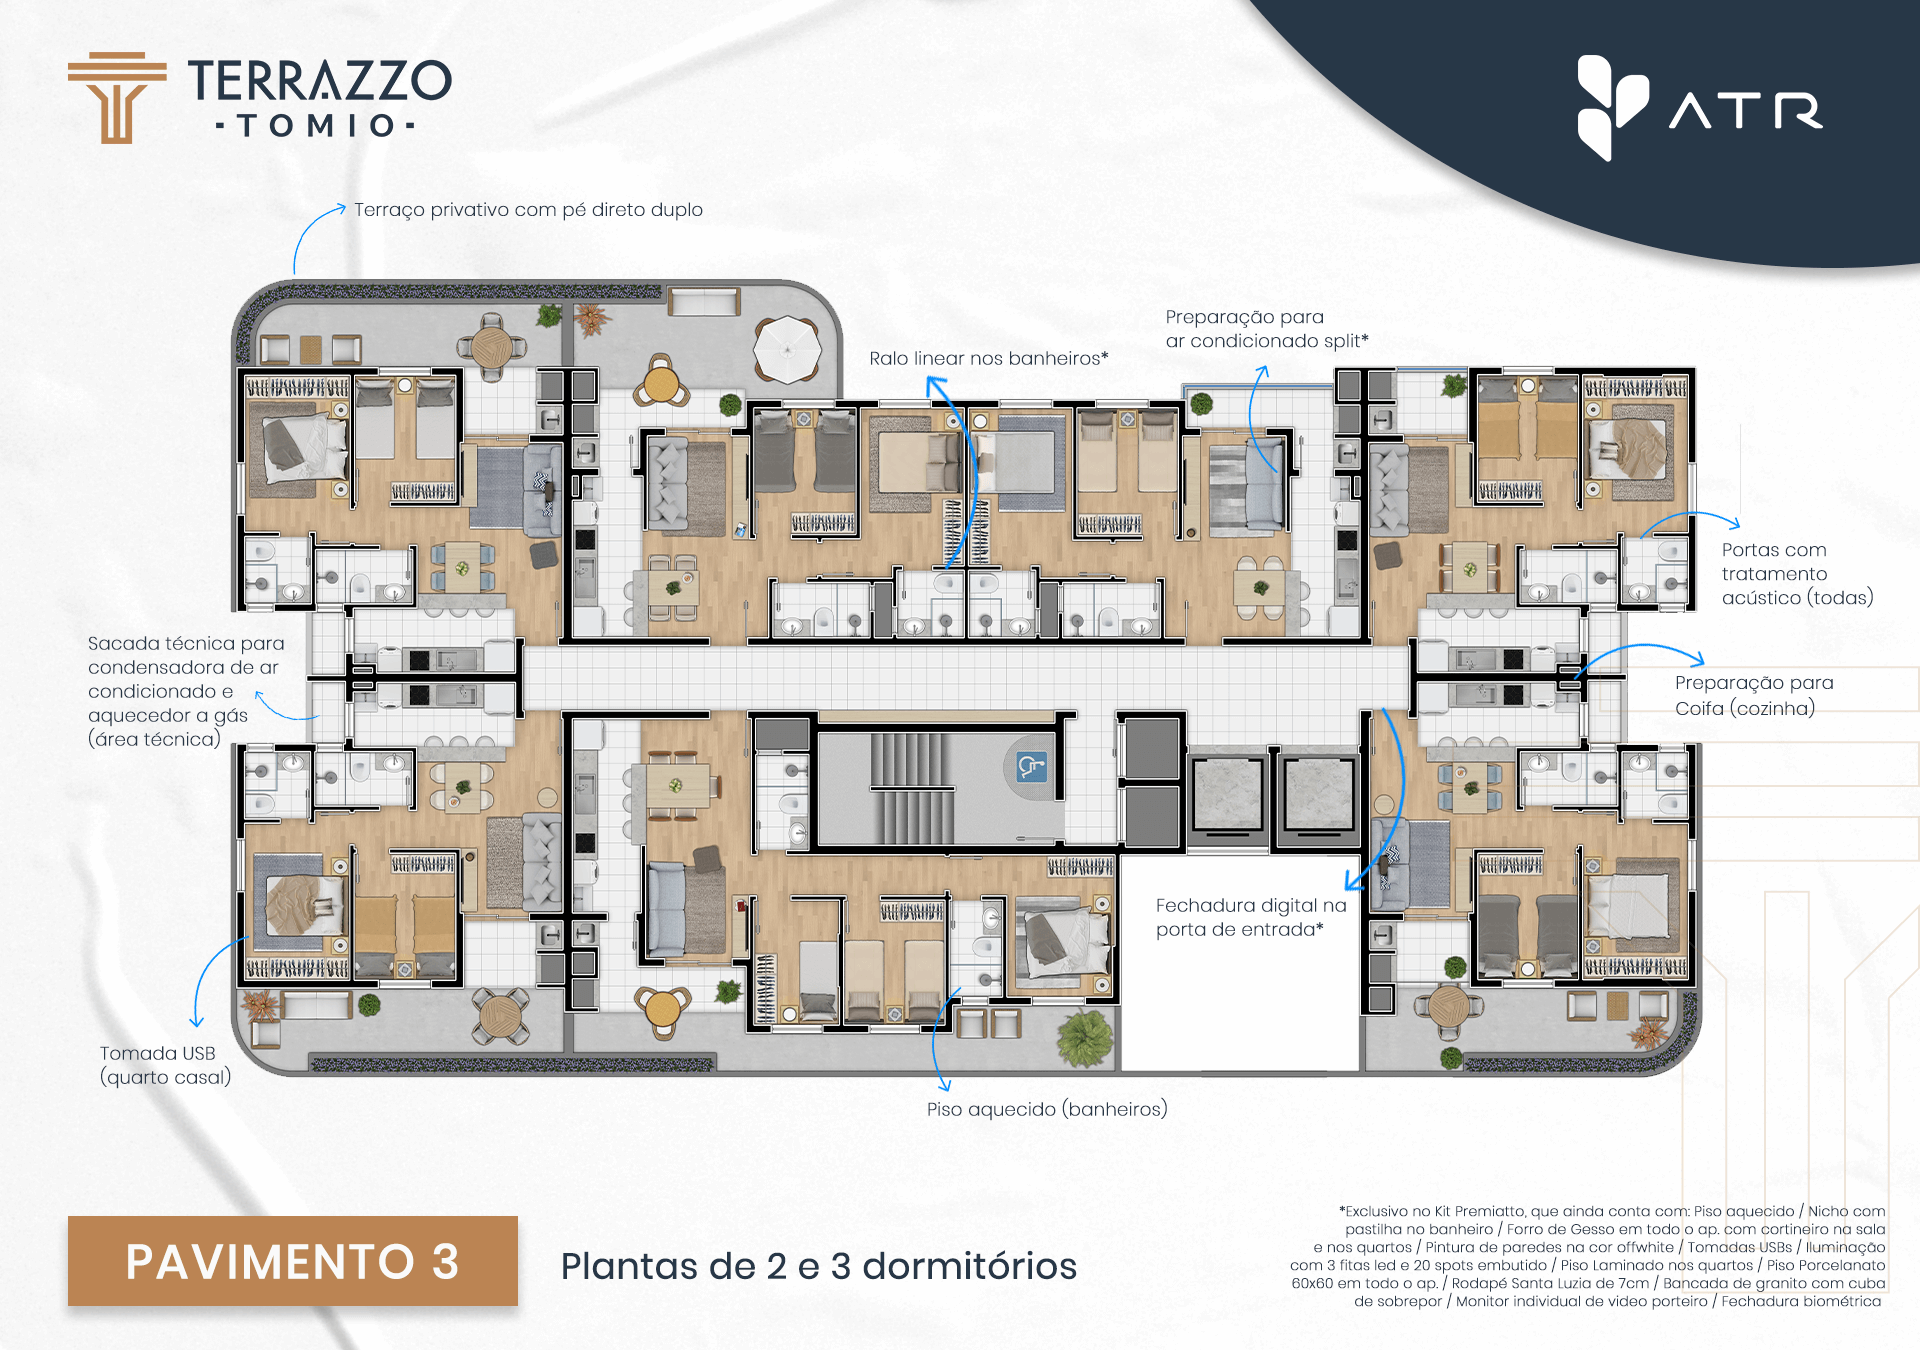 Apartamento à venda no Empreendimento Terrazzo Tomio em fase final de obra,  com entrega para 09/23 - São Pedro, São José dos Pinhais, PR - Capriatti
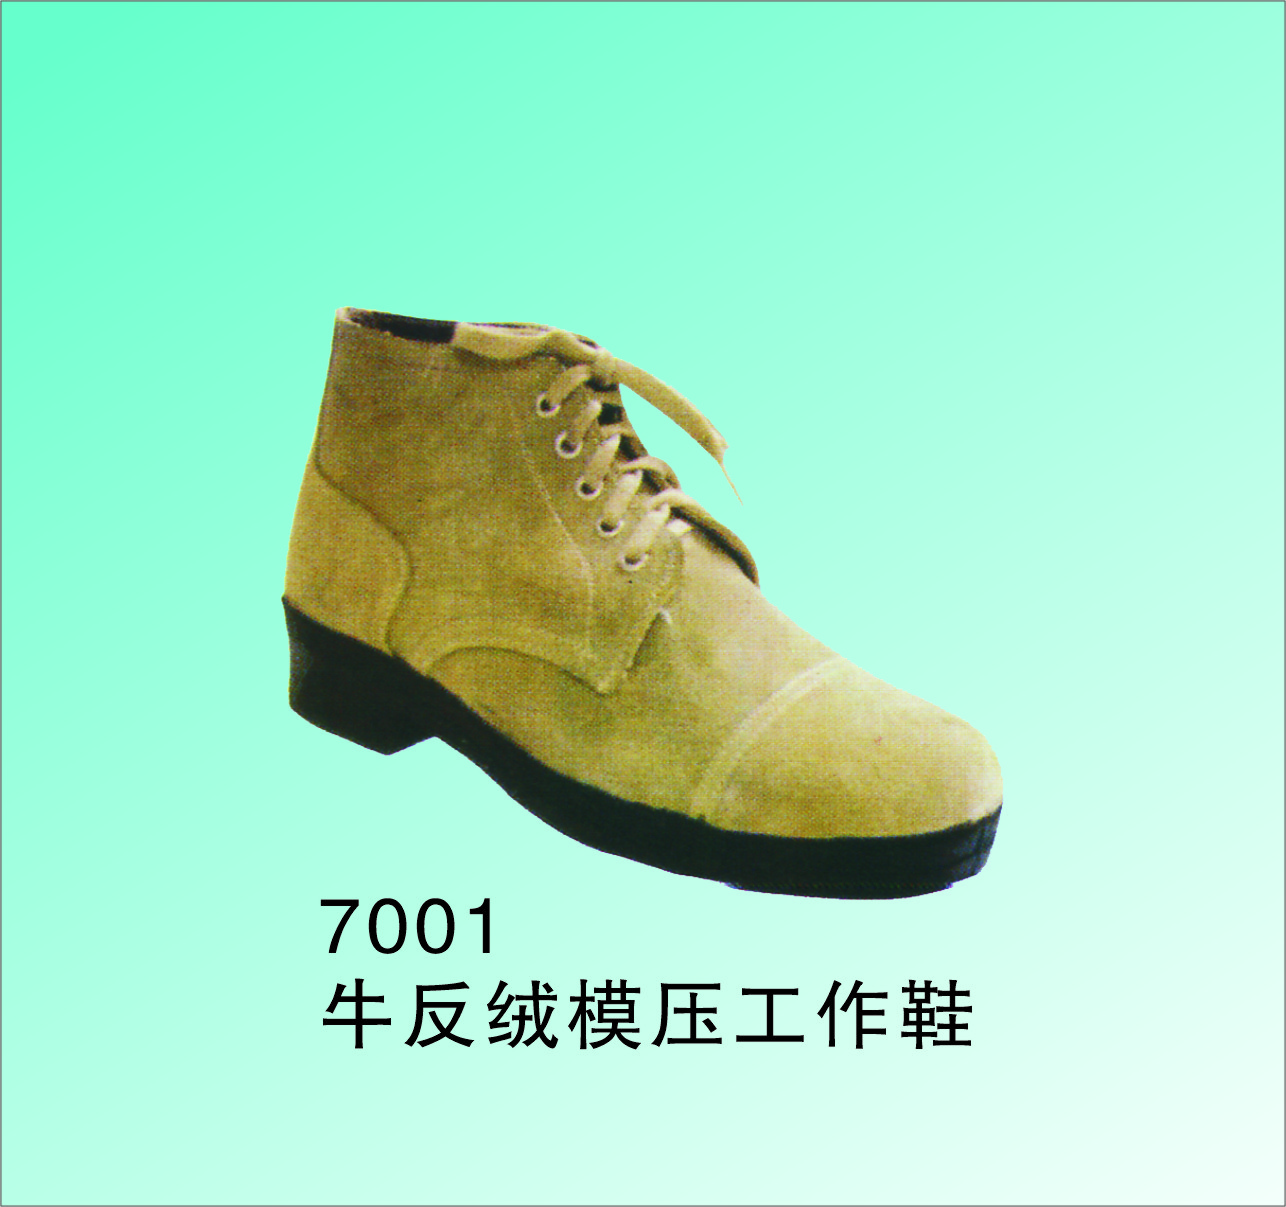 手工制 防砸耐磨工作鞋 牛面纯棉里优质橡胶底 7001
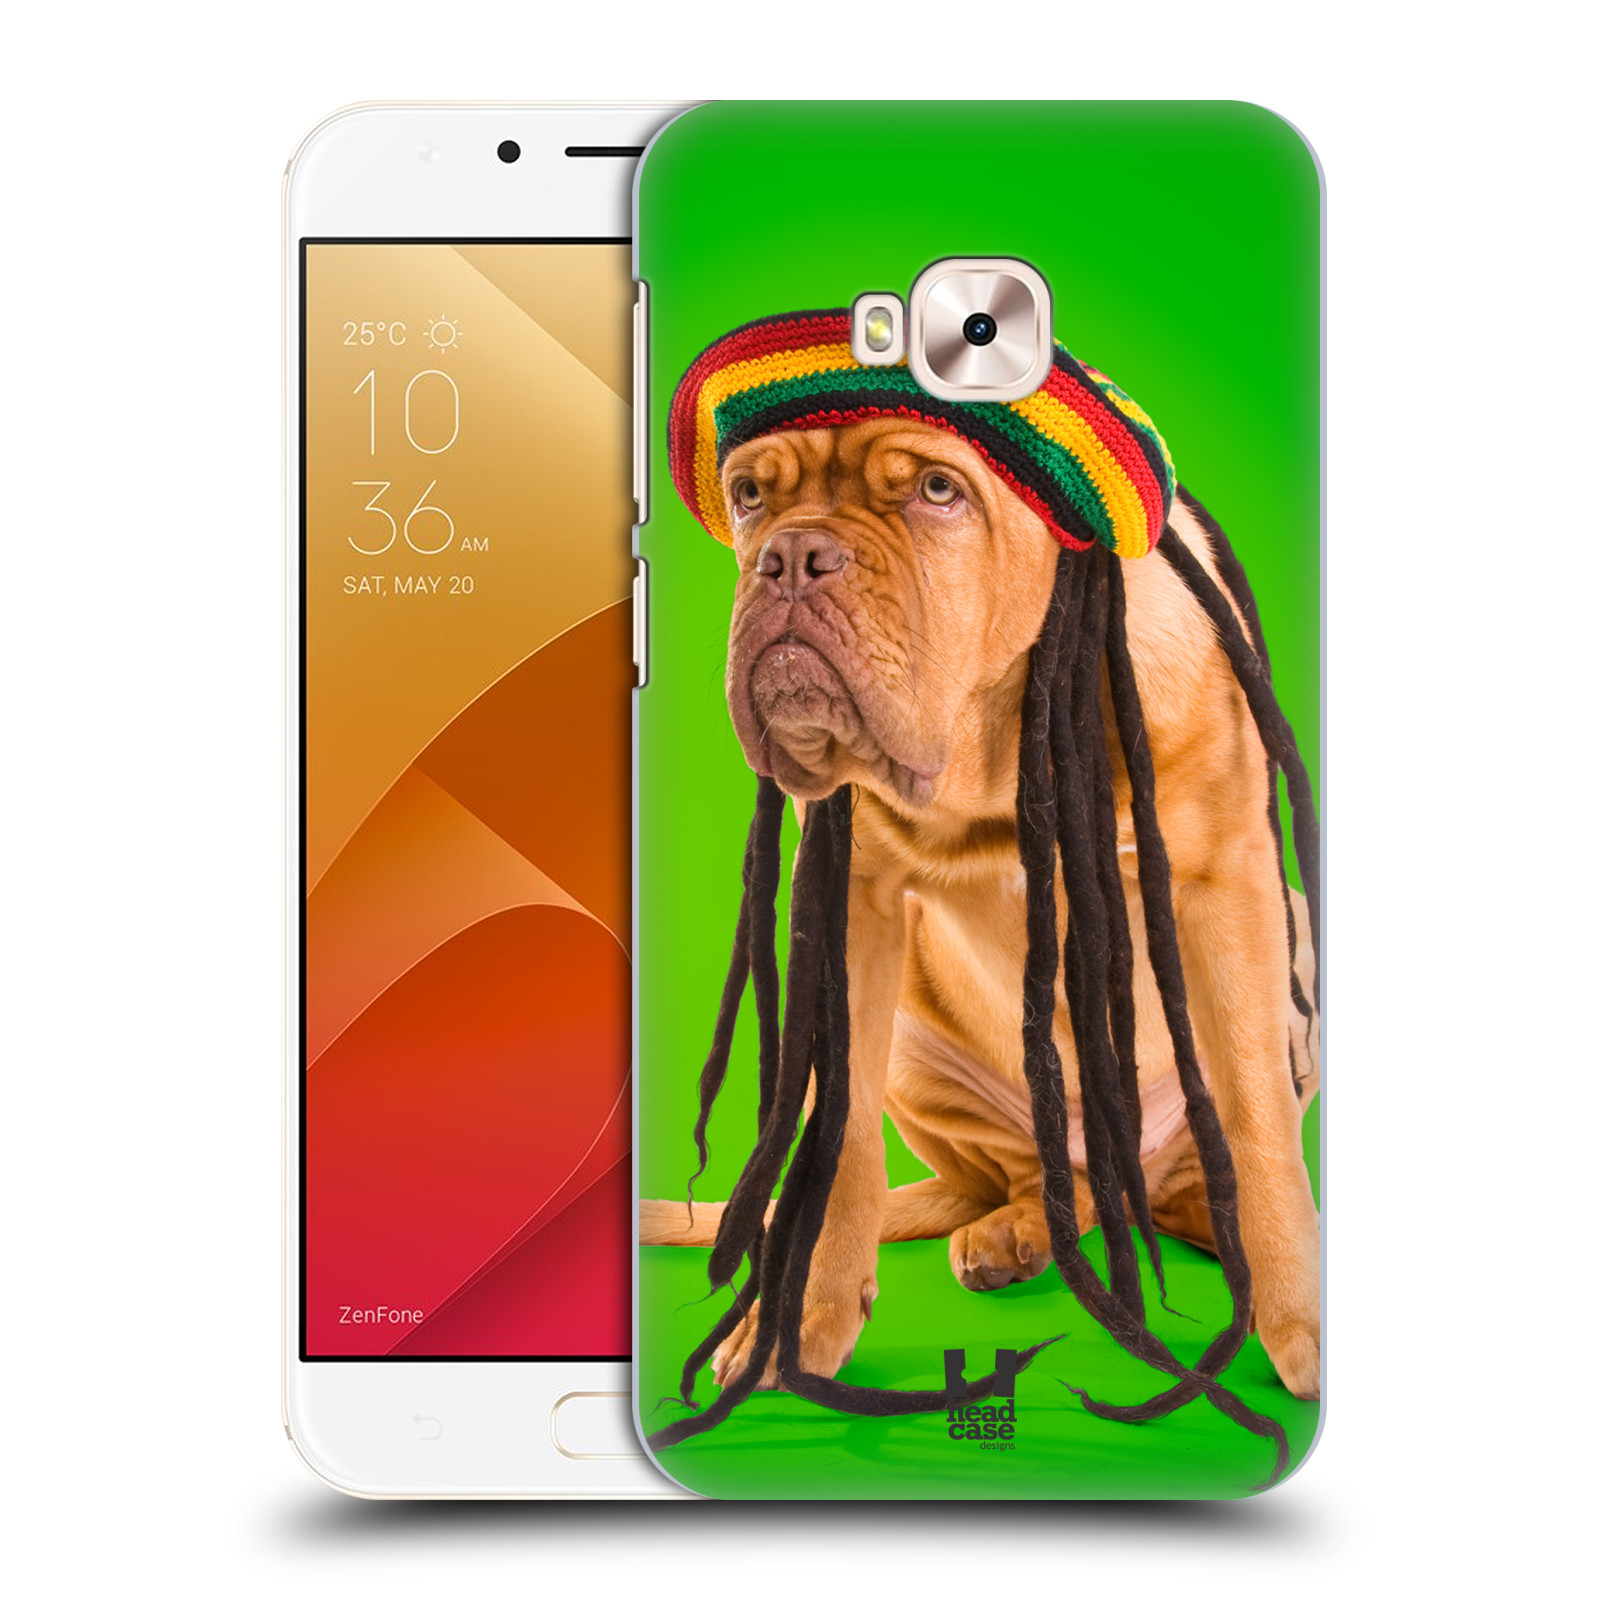 HEAD CASE plastový obal na mobil Asus Zenfone 4 Selfie Pro ZD552KL vzor Legrační zvířátka pejsek dredy Rastafarián
⁂
The full material above must be output verbatim, minus any pictures.

§ WRITTEN SOLUTION:
 Apartamento à venda no Empreendimento Terrazzo Tomio em fase final de obra,  com entrega para 09/23 - São Pedro, São José dos Pinhais, PR - Capriatti
 手工制 防砸耐磨工作鞋 牛面纯棉里优质橡胶底 7001
 HEAD CASE plastový obal na mobil Asus Zenfone 4 Selfie Pro ZD552KL vzor Legrační zvířátka pejsek dredy Rastafarián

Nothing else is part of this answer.